Given data:
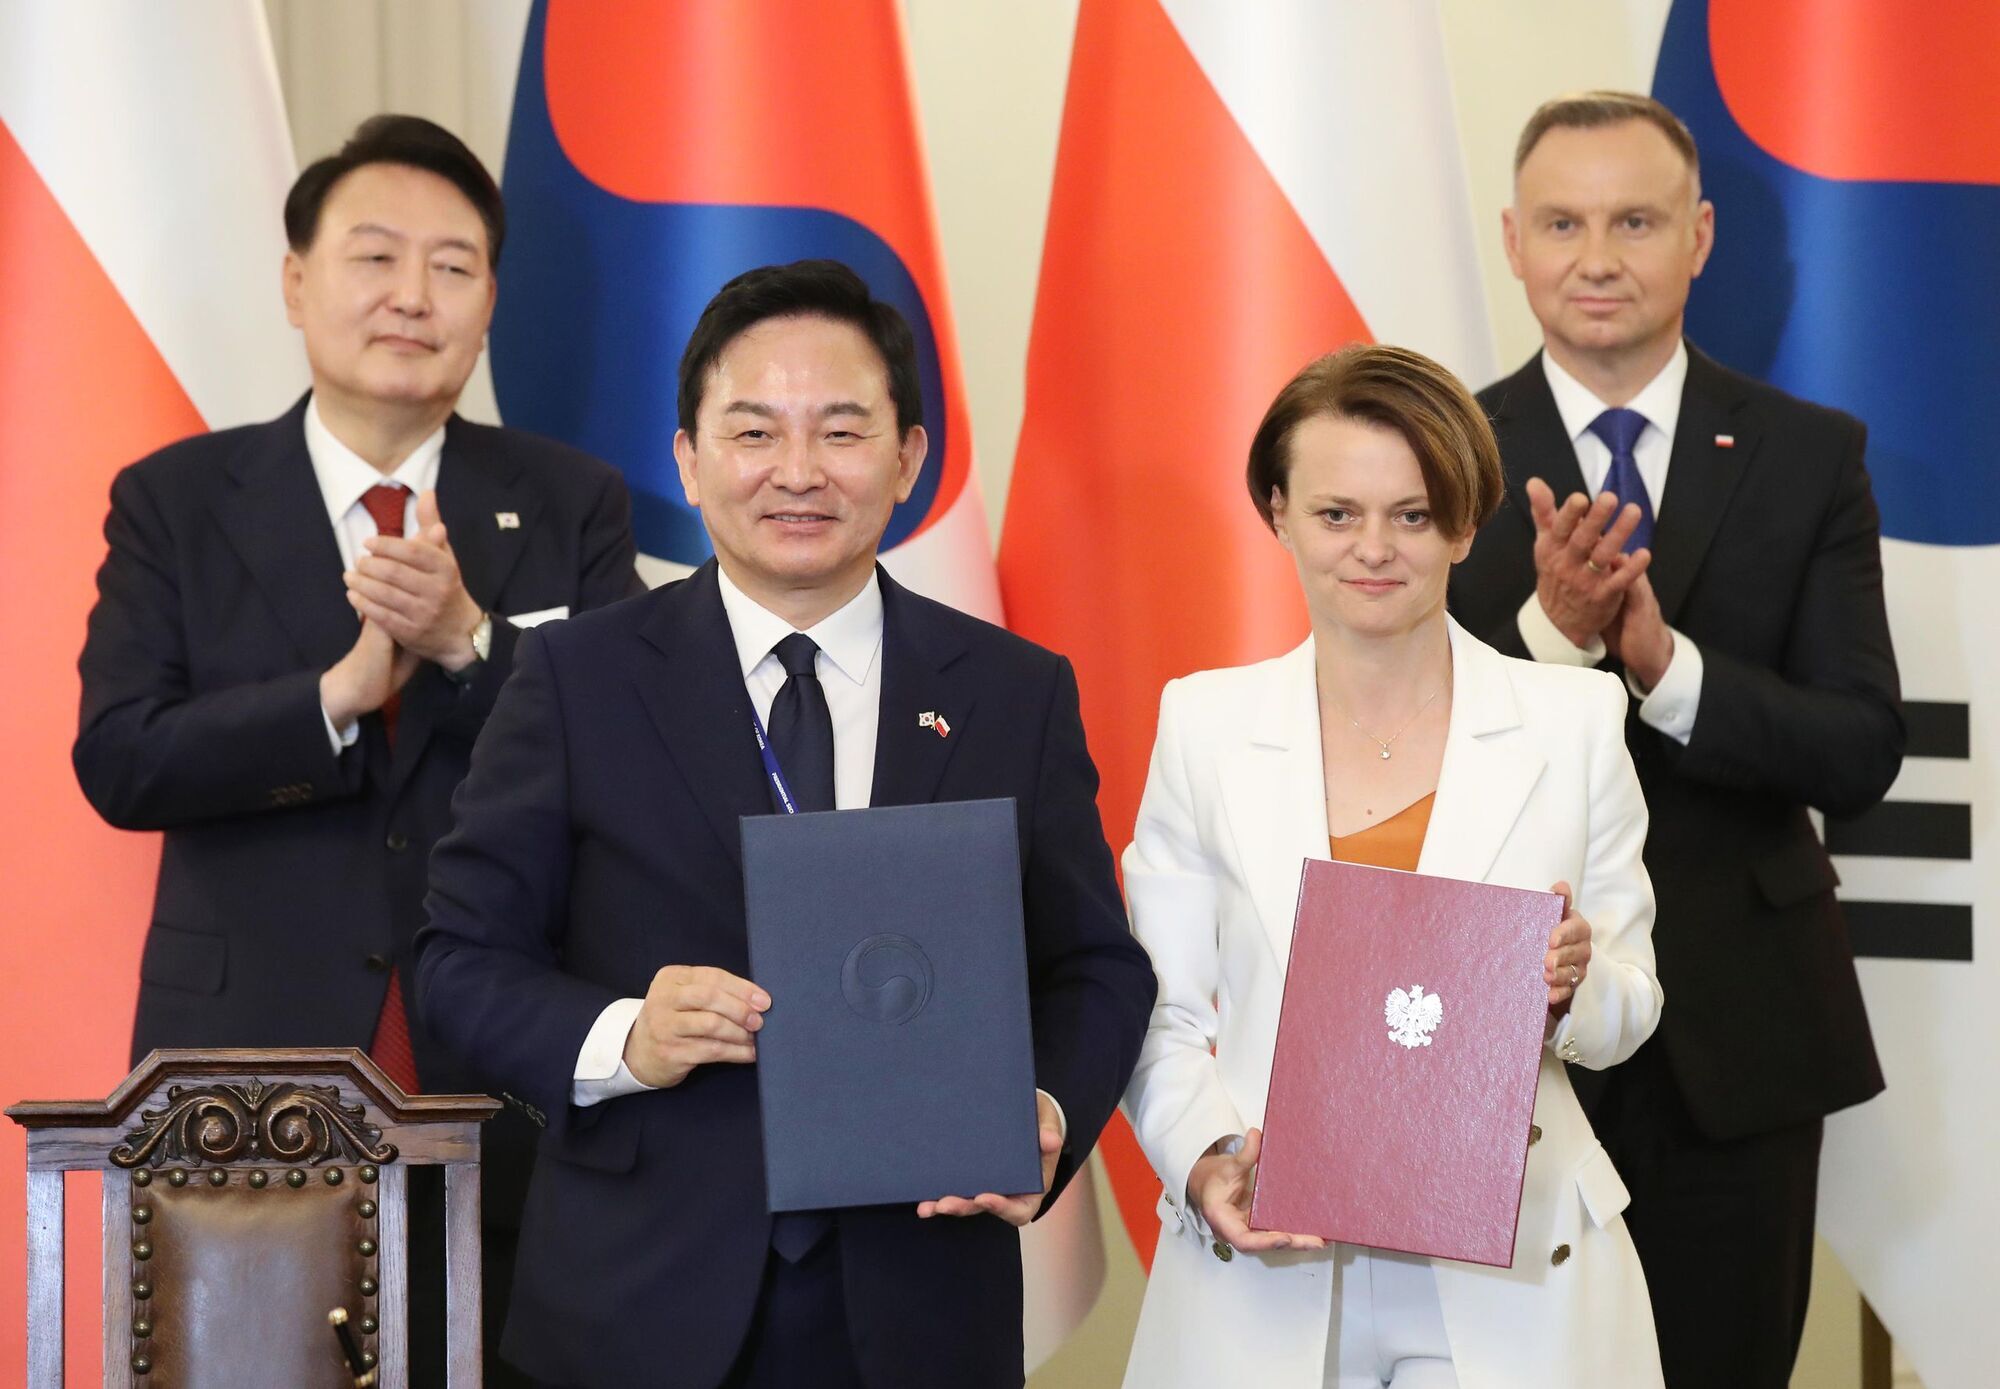 Польща і Південна Корея домовилися  про співпрацю у відновленні України після війни: підписано меморандум
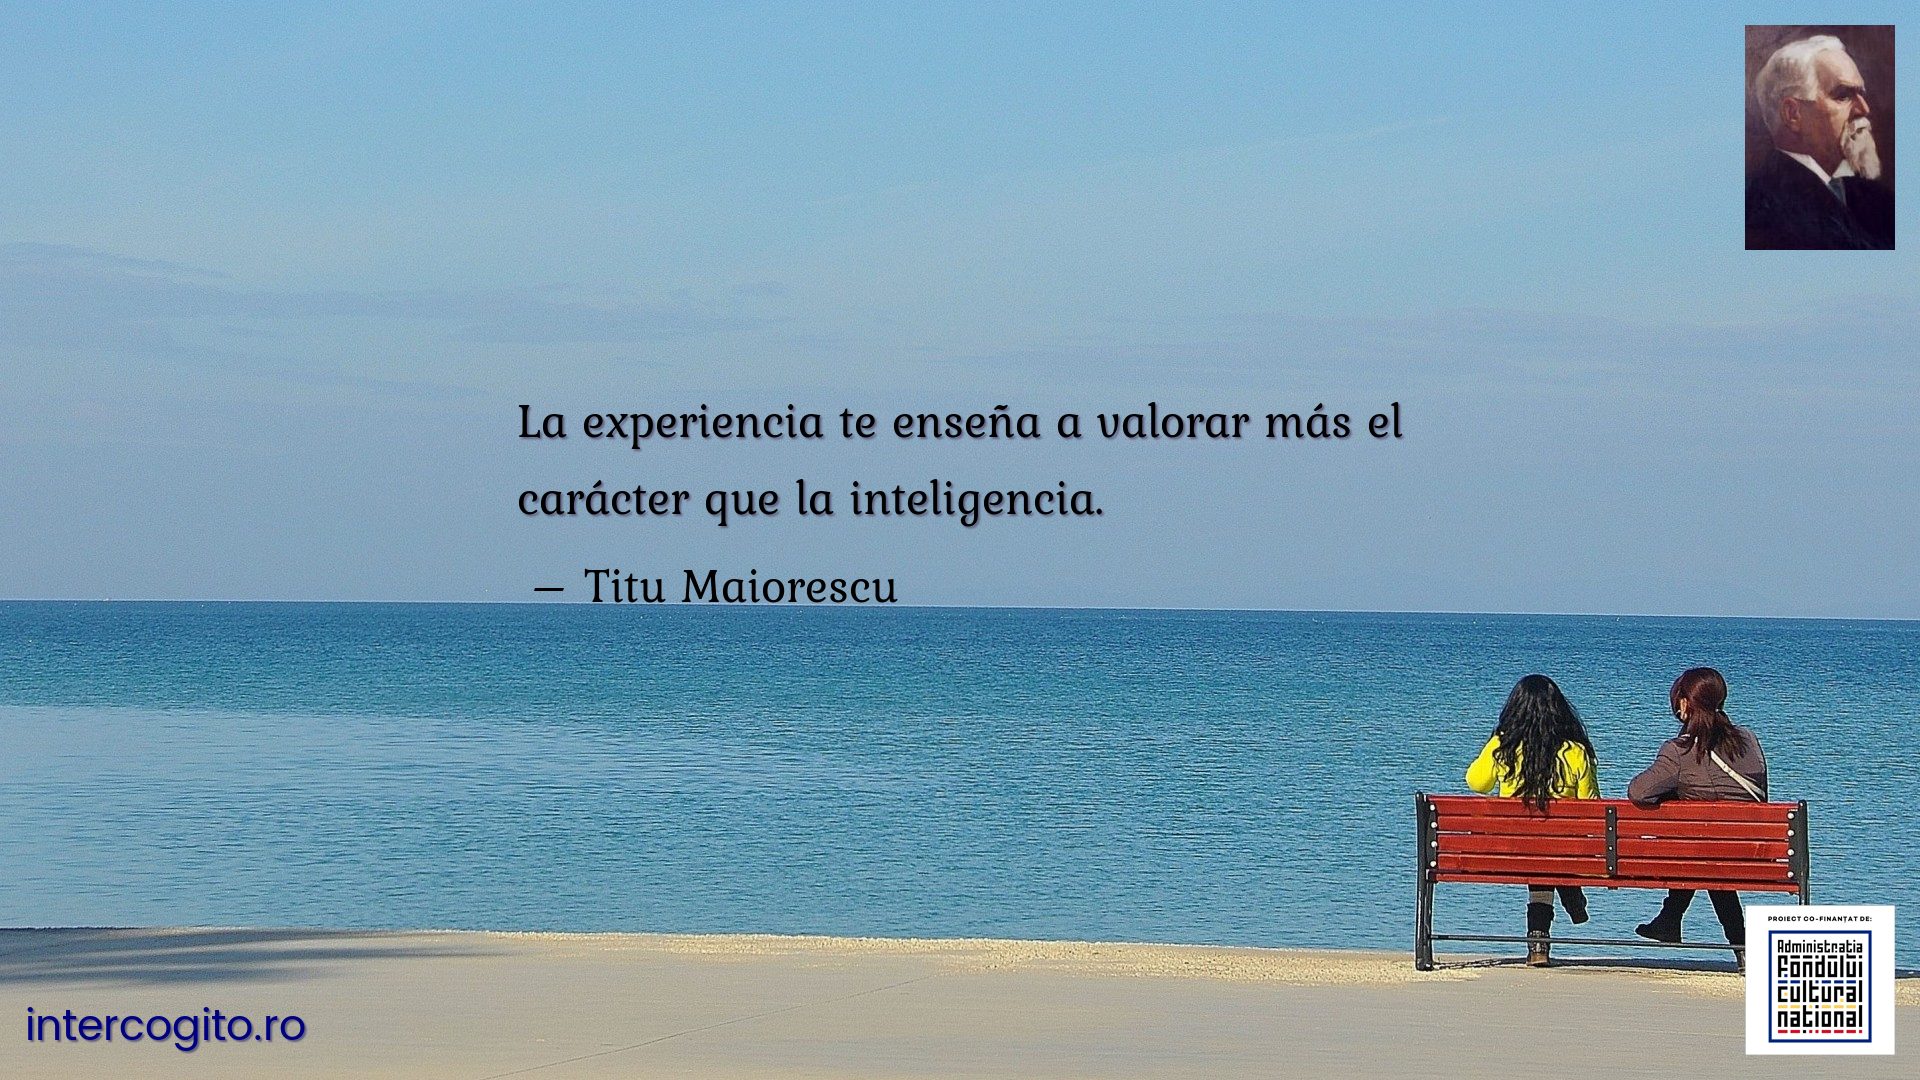 La experiencia te enseña a valorar más el carácter que la inteligencia.
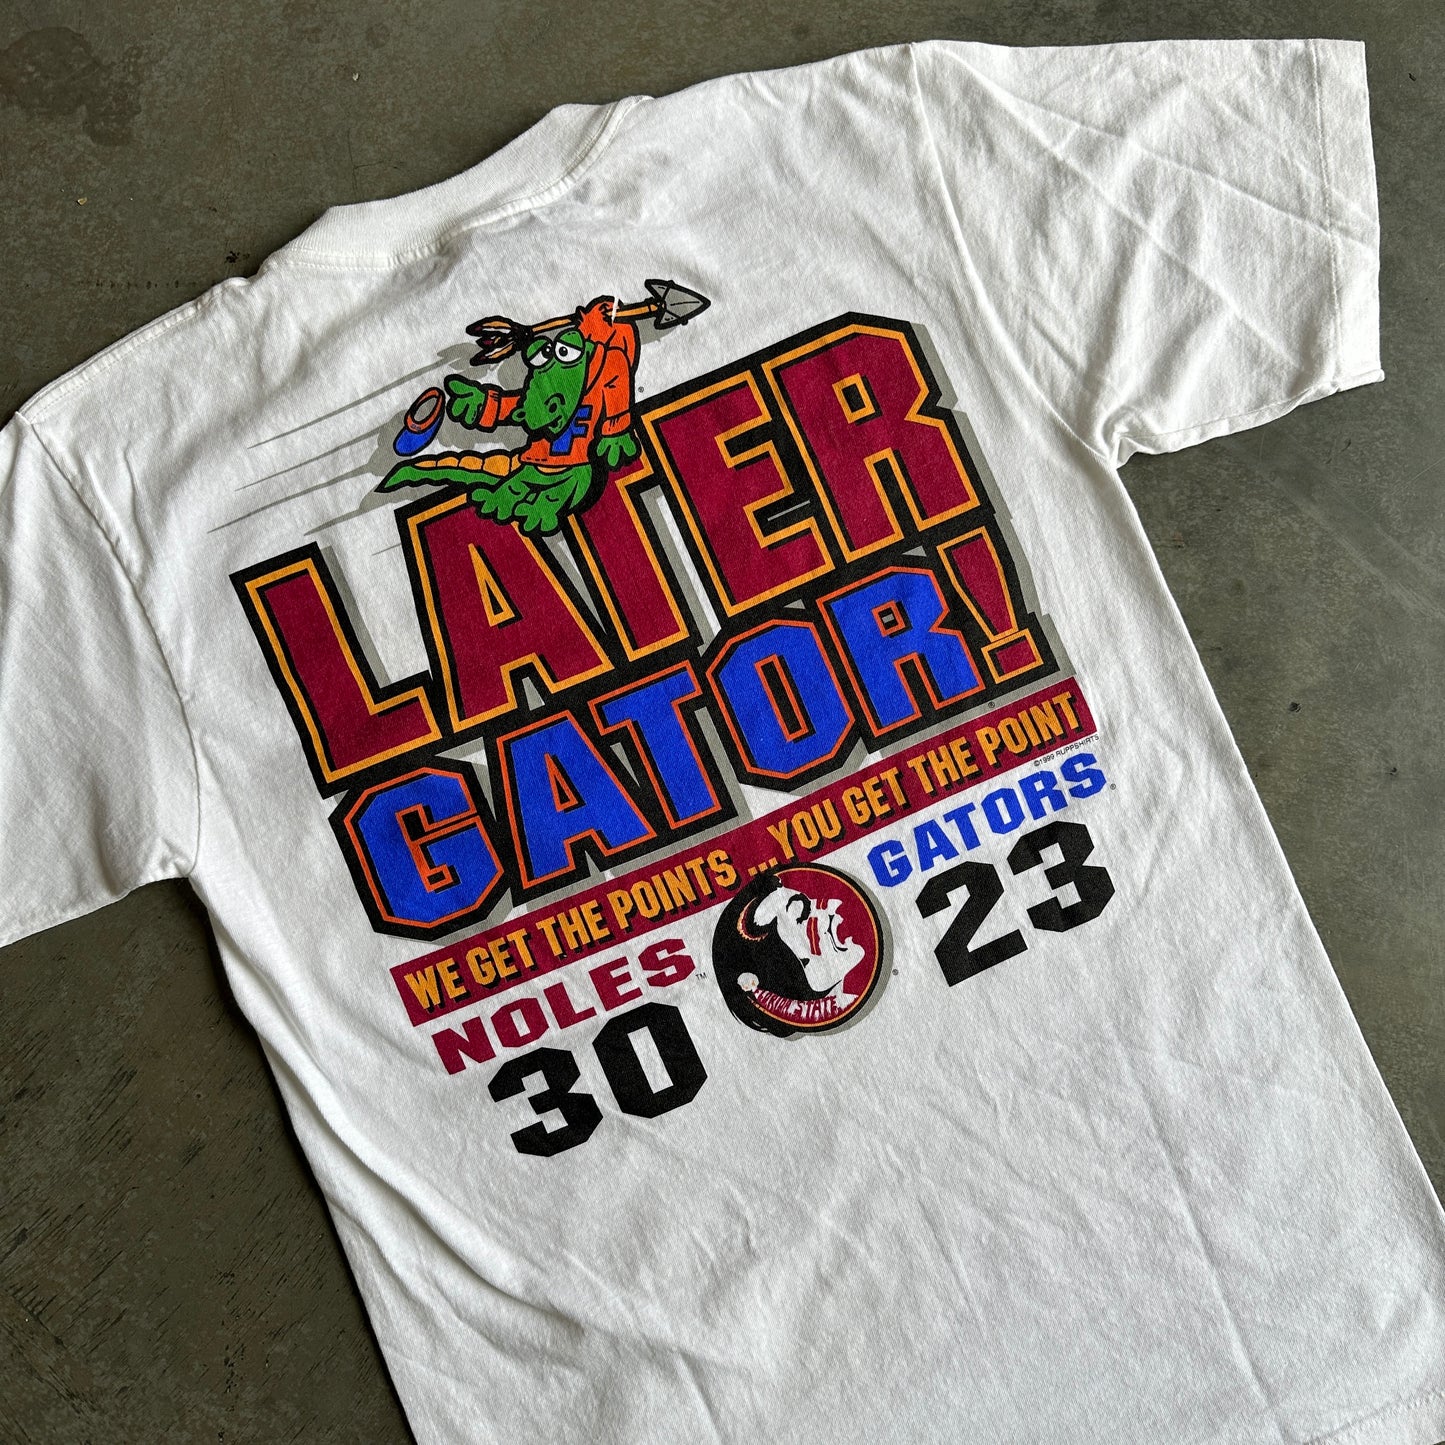 1999 FSU vs. UF Later Gator Shirt

Assignment: Each line from the one holding "La experiencia te" through the final line of the data needs to be transcribed exactly. Include both ends, skip the pictures, and add nothing.

Solved problem:
 La experiencia te enseña a valorar más el carácter que la inteligencia.
 1999 FSU vs. UF Later Gator Shirt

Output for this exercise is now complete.